You can optionally specify a case transformation for request bodies, response bodies, and urls.

```js
createApi(axios, {
requestCase: 'snake' | 'camel' | 'constant' | 'pascal' | 'kebab' | 'none',
responseCase: 'snake' | 'camel' | 'constant' | 'pascal' | 'kebab' | 'none',
urlCase: 'snake' | 'camel' | 'constant' | 'pascal' | 'kebab' | 'none',
});
```

## Saving and Restoring

To save the cache call `save`:

```js
const { save, restore } = createApi(axios);
localStorage.__cache = JSON.stringify(save());
```

To restore the cache call `restore`:

```js
const { save, restore } = createApi(axios);
restore(window.data__from__SSR);
```

## Retries

Set `retryCount` to specify how many times failing `GET` requests should be retried.
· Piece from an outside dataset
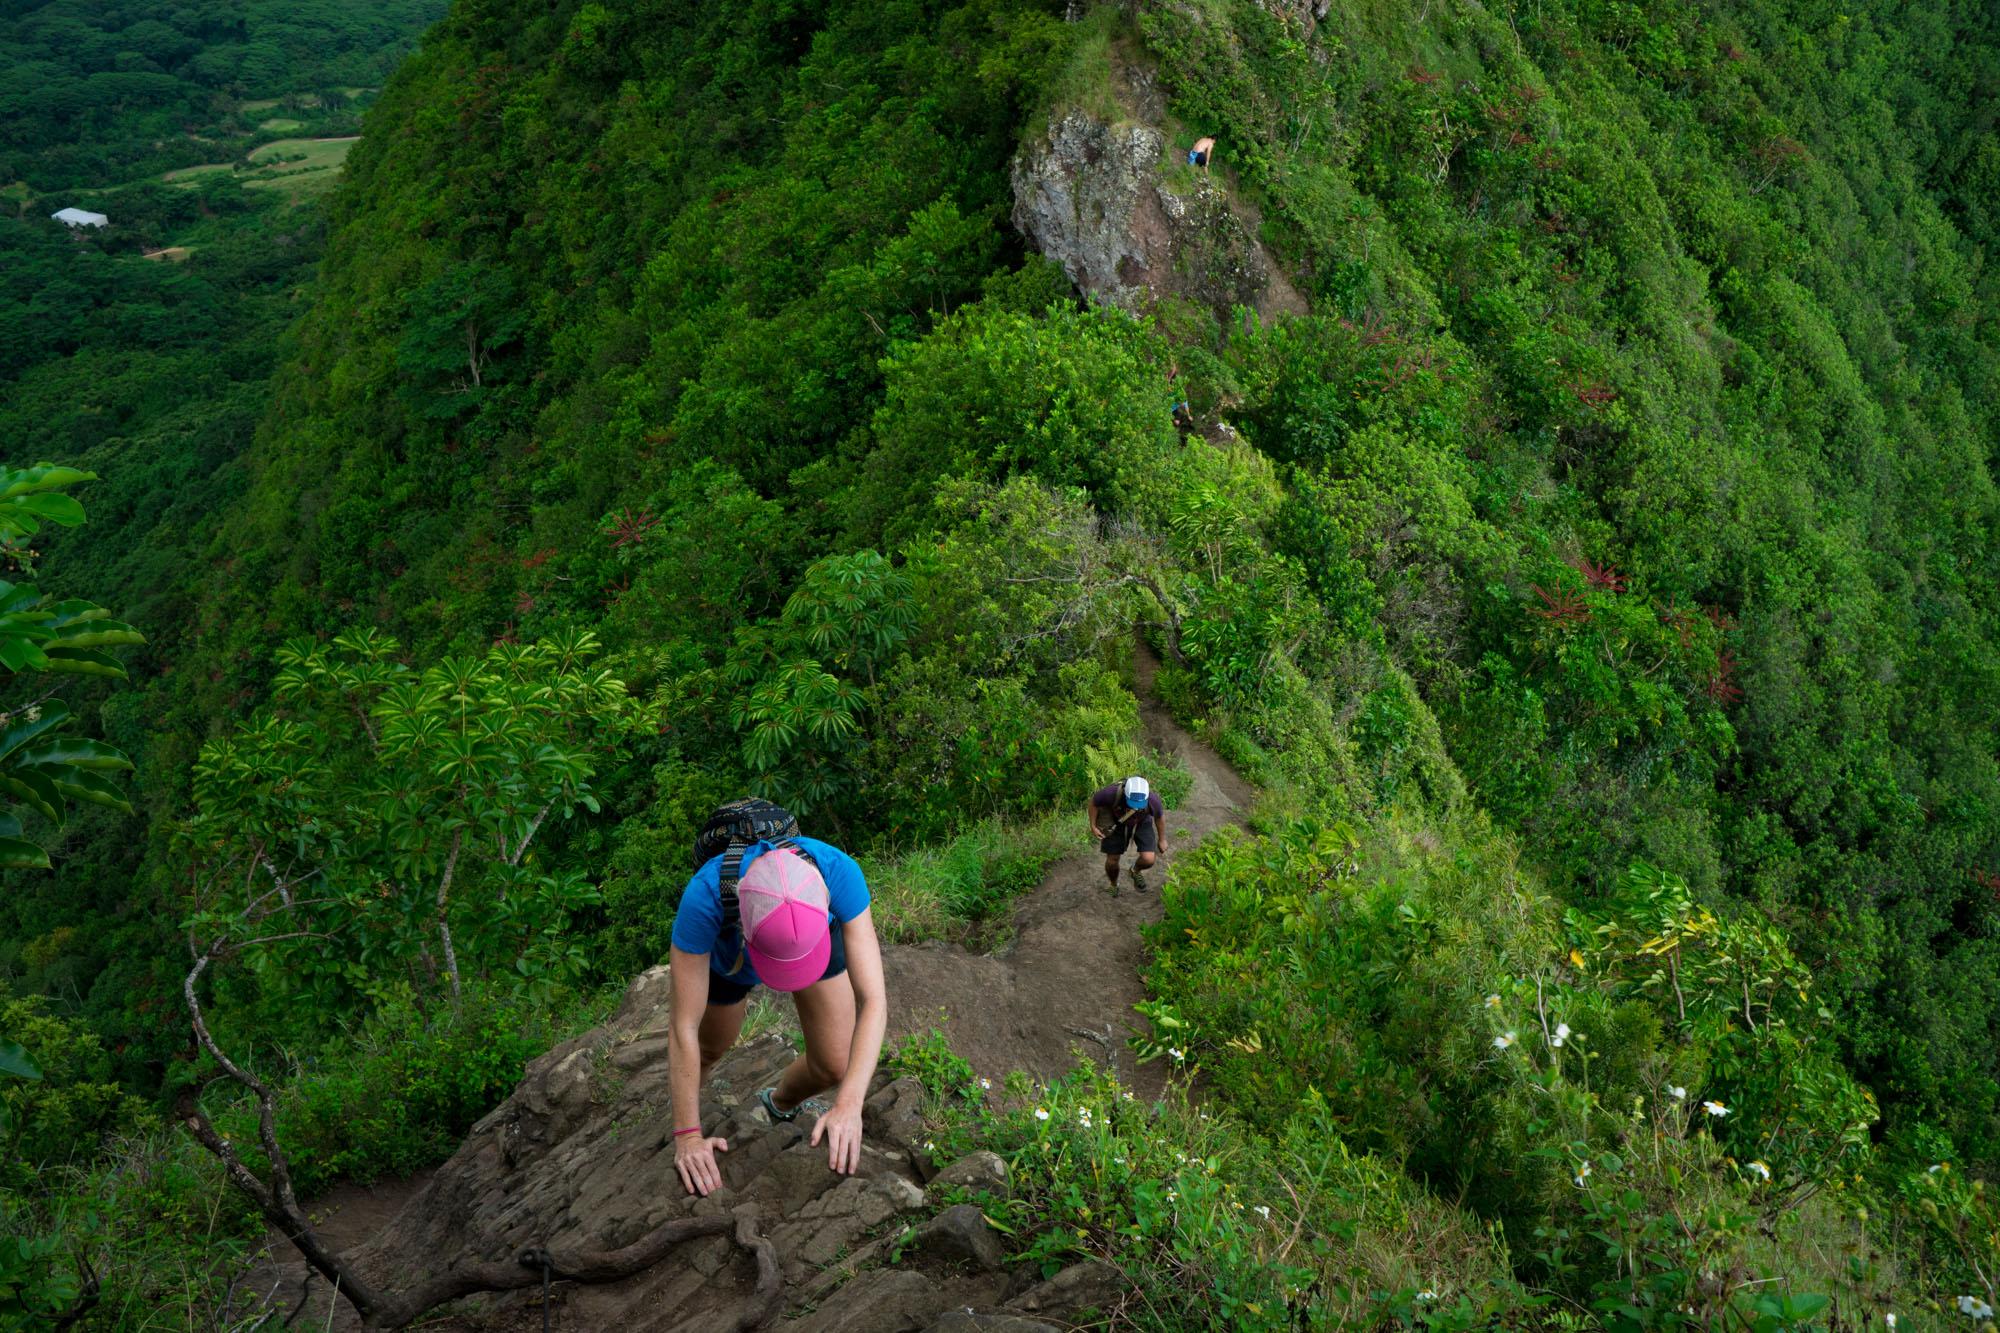 Laine & Owen climbing/hiking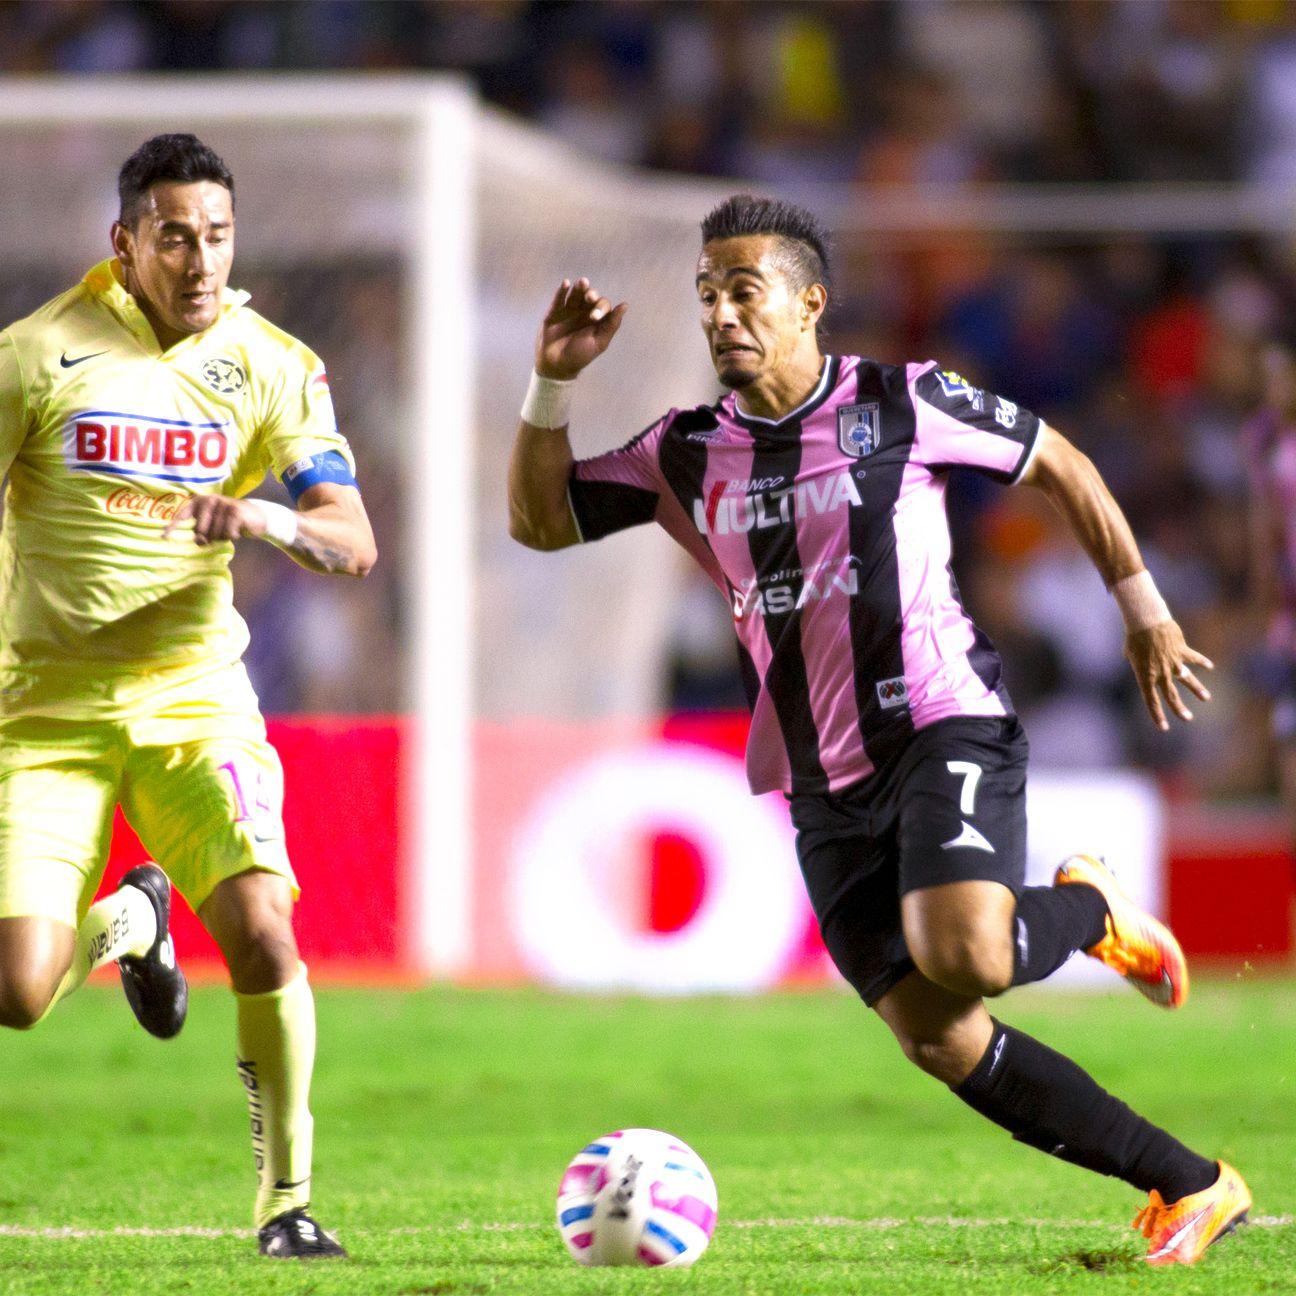 Former Vancouver Whitecap Camilo Sanvezzo scored in second-half stoppage time to help Queretaro upset Liga MX leaders Club America.

Requests are delayed by `1s` and double for each retry but will not delay longer than `30s`. E.g. `1s, 2s, 4s, 8s, ..., 30s`
Retrying only applies to `GET` requests called in a render.

```js
createApi(axios, { retryCount: 10 });
```

## Why not just a `useEffect` hook or Redux?

[See Comparison](comparison.md)

### Obligatory Notice about Suspense for data loading

The React team has asked that we do not build on `react-cache` until it is stable, but that doesn't mean we can't experiment with an implementation of our own Suspense compatible cache until `react-cache` is stable.